Leader indiscusso del gruppo era Mahammad Shoaib già arrestato con altri cinque complici per l'omicidio di Adnan Siddique. Ora la retata che conferma le sue denunce. I braccianti venivano "offerti" ai titolari di aziende agricole "in condizioni di sfruttamento, approfittando dello stato di bisogno dei lavoratori, accordandosi sull’entità del compenso, che si aggirava sui 25-30 euro al giorno, e trattenendo per sè una parte o persino la totalità del corrispettivo". Chi si lamentava era vittima di durissime spedizioni punitive, come un nigeriano colpito con bastoni e spranghe per avere chiesto la sua paga.
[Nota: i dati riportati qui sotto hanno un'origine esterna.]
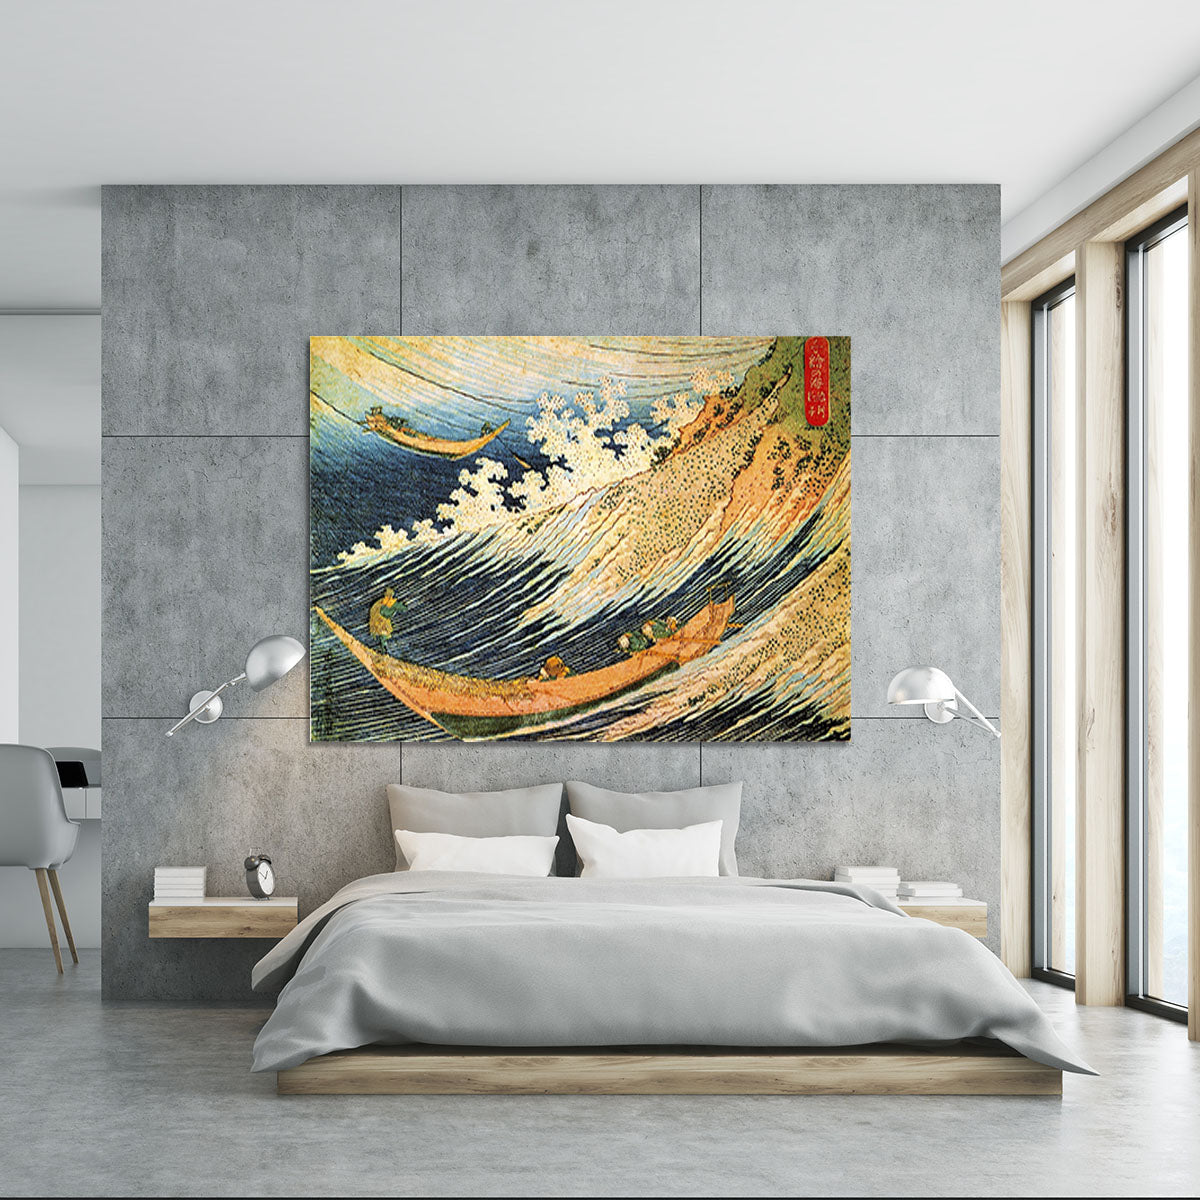 Ocean landscape 2 by Hokusai Canvas Print or Poster - Canvas Art Rocks - 5

Coinvolti nell’indagine anche i titolari delle imprese agricole dove i pakistani venivano condotti a lavorare perchè, accusano carabinieri e polizia, "trovavano conveniente rivolgersi ai caporali loro connazionali perchè ben consapevoli che nessuna denuncia sarebbe mai potuta intervenire a danneggiarli, proprio per le condizioni di sfruttamento dei lavoratori".

Tra le violenze emerse dopo avere chiesto a un pakistano la somma di 300 euro quale profitto dell’intermediazione illecita finalizzata al caporalato, la banda ha sequestrato per tre ore la vittima, puntando un coltello alla gola, e intimando di chiamare il padre in Pakistan allo scopo di farsi mandare 5 mila euro per ottenere la sua liberazione. In un’altra occasione è stata aggredita una nigeriana mentre stringeva tra le braccia suo figlio di appena un anno, rapinandola di 200 euro. Il marito della donna è stato poi aggredito con calci e pugni. Hanno addirittura costretto un ghanese, puntandogli un coltello alla gola, a commettere un furto presso una casa di campagna e poi gli hanno tolto anche la somma di 600 euro che aveva con sè. È contestata anche un’irruzione, con pistola e coltelli in una comunità per minorenni, pestando due degli ospiti dopo un banale diverbio con un altro ragazzino, che aveva chiesto l’intervento del boss della banda per "punirli". Violenze che erano poi sfociate nell'omicidio di Adnan Siddique che proprio queste vicende era andato a denunciare. Lui non faceva il bracciante ma l'operaio, addetto alla manutenzione di apparecchiature tessili. Ma aveva raccolto le lamentele di alcuni suoi connazionali che lavoravano nelle campagne diventando il portavoce dei braccianti sfruttati. Per questo era stato punito. L'operazione "Attila" riconosce, purtroppo tardi, questa sua scelta generosa.

Una vicenda che conferma la necessità di tutelare chi decide di denunciare. La legge anticaporalato del 2016 ha dato importanti strumenti alle forze dell'ordine e alla magistratura per colpire i carnefici. Ora, sulla scia di quello che stanno facendo alcune procure, come Foggia e Prato, è sempre più necessario difendere le vittime. Anche con nuove norme.